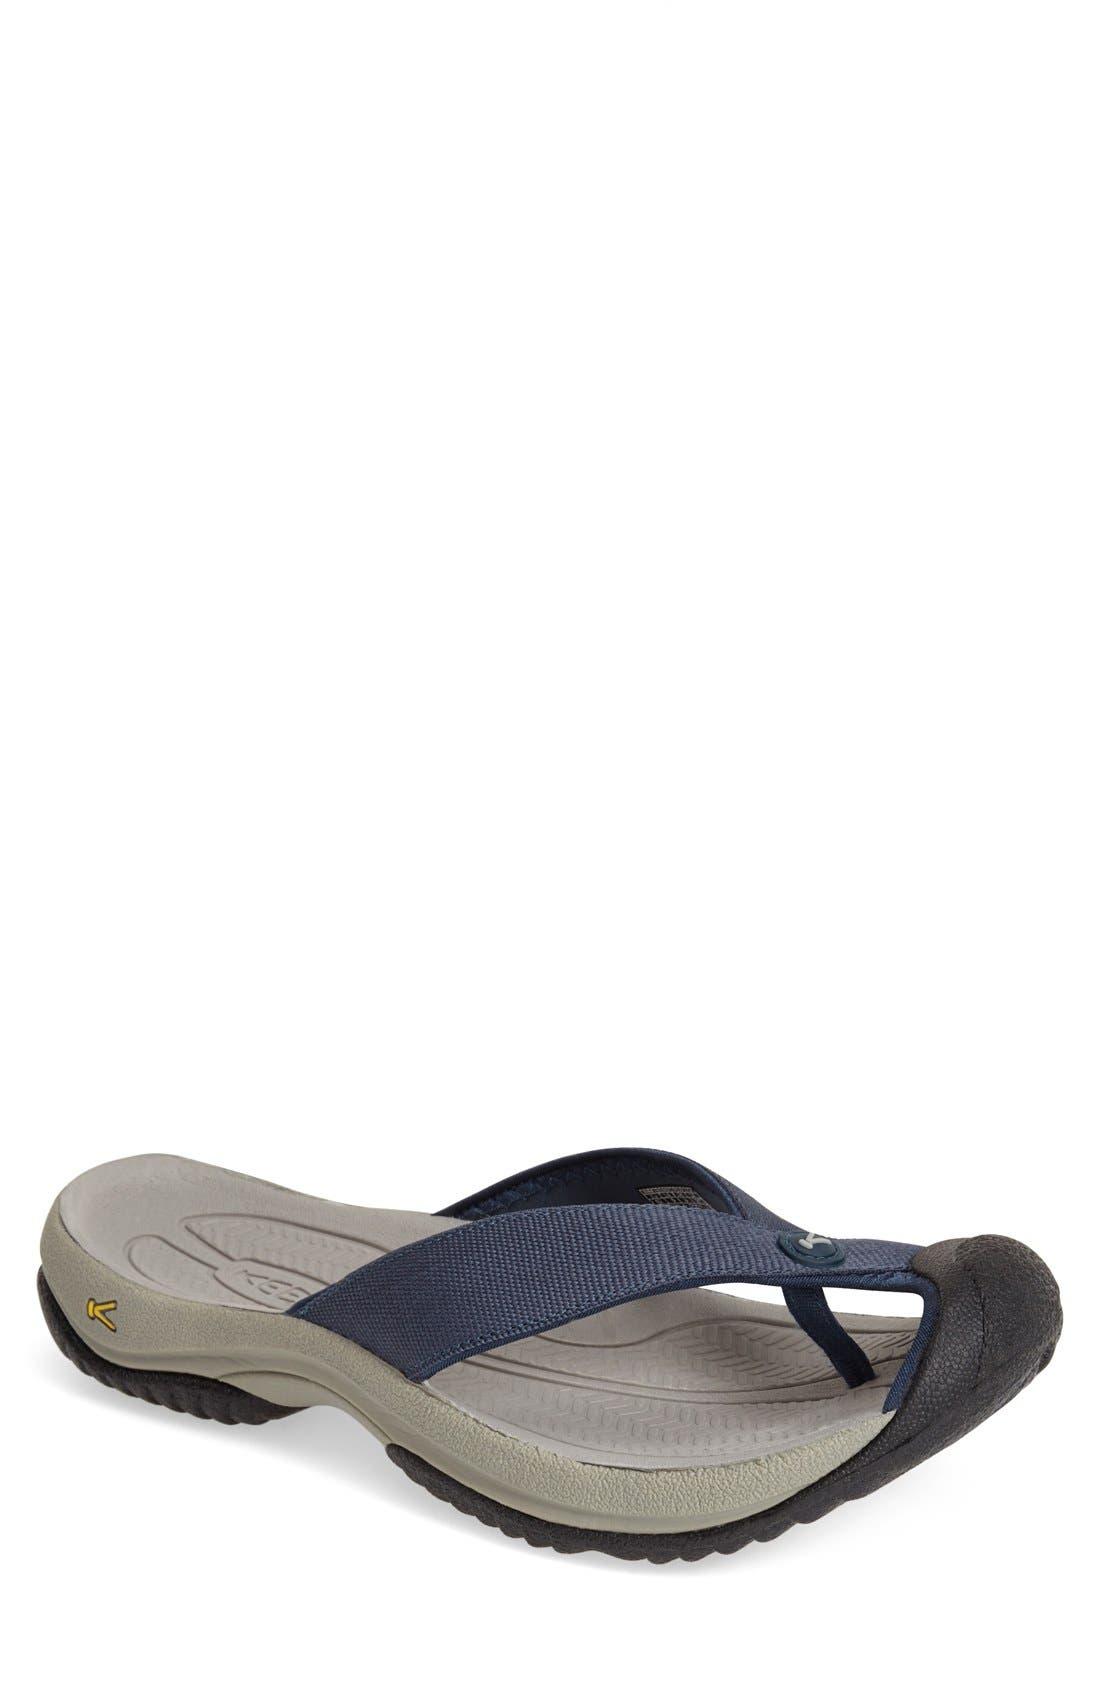 'Waimea H2' Water Thong Sandal,                         Main,                         color, MIDNIGHT NAVY/ NEUTRAL
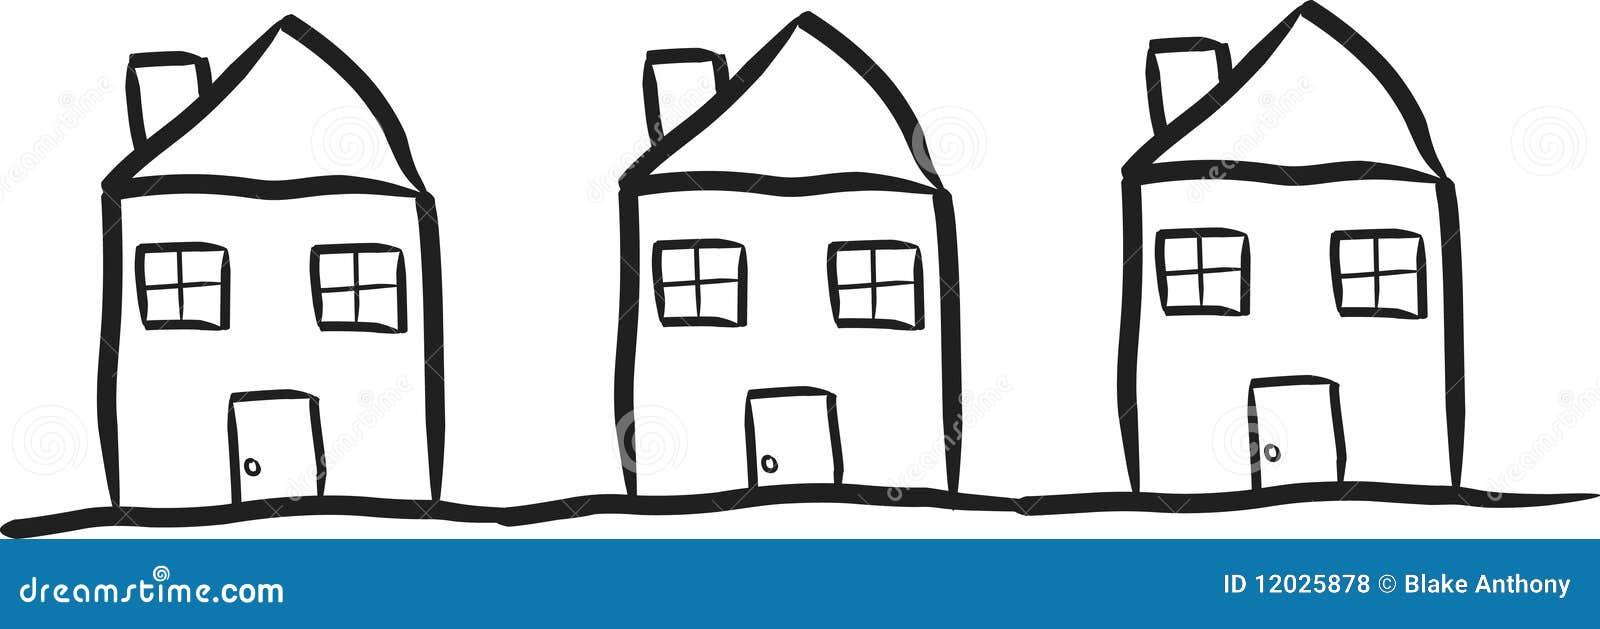 bescheidene h user lizenzfreie stockfotos bild 12025878. Black Bedroom Furniture Sets. Home Design Ideas
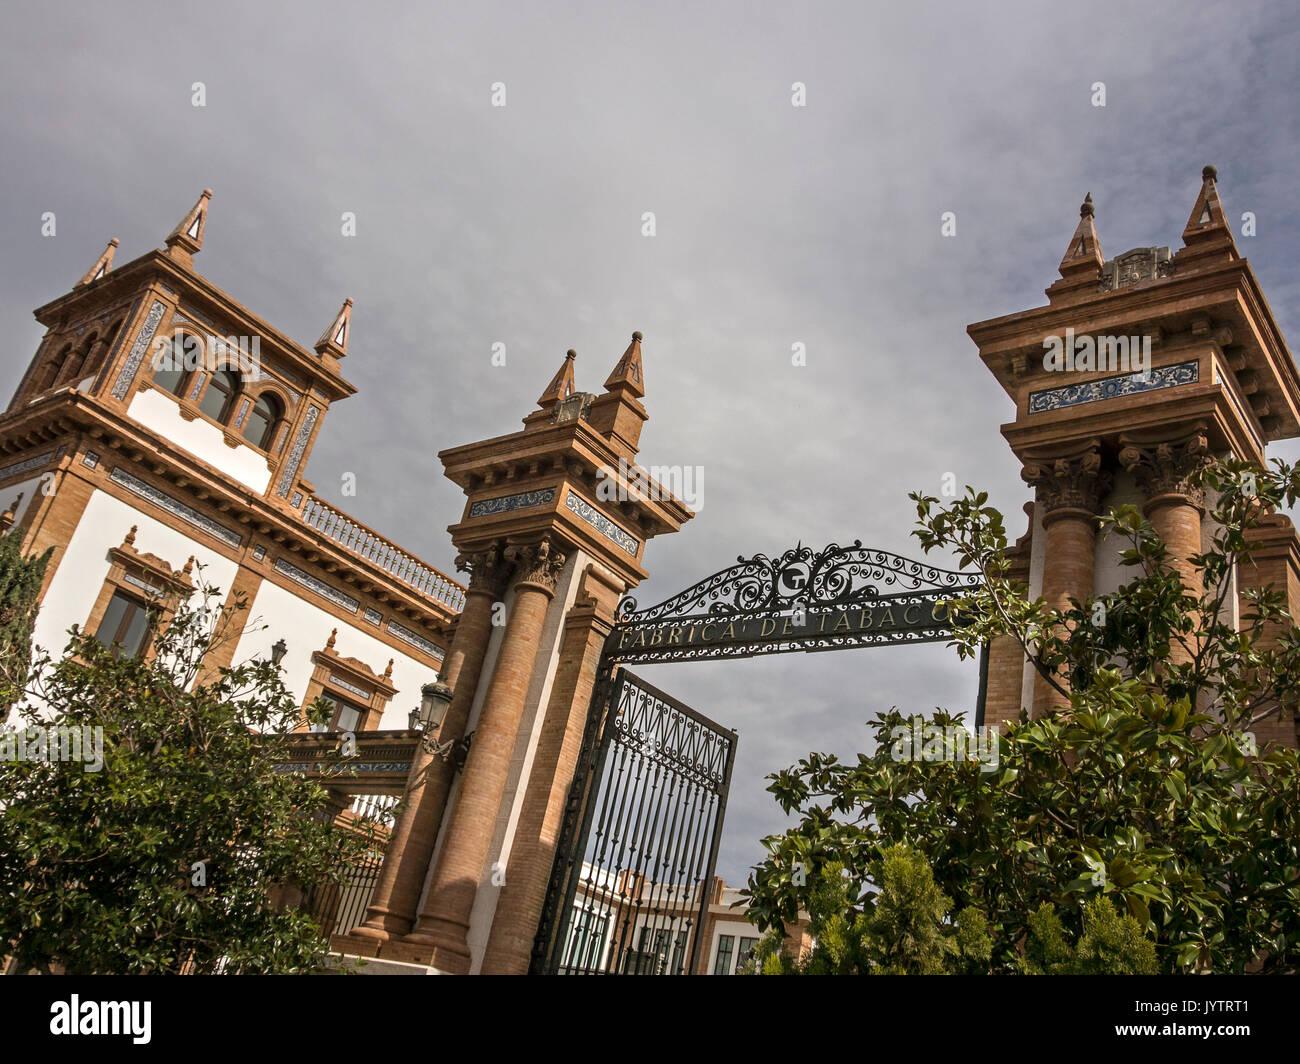 MALAGA, SPAIN: Entrance gates to the Motor Museum - Stock Image

┄┄┄┄┄┄

• **WORK REQUEST**: Every line above should be copied exactly; do not carry over the pictures.

• **ANSWER SECTION**:
 'Waimea H2' Water Thong Sandal,                         Main,                         color, MIDNIGHT NAVY/ NEUTRAL
 bescheidene h user lizenzfreie stockfotos bild 12025878. Black Bedroom Furniture Sets. Home Design Ideas
 MALAGA, SPAIN: Entrance gates to the Motor Museum - Stock Image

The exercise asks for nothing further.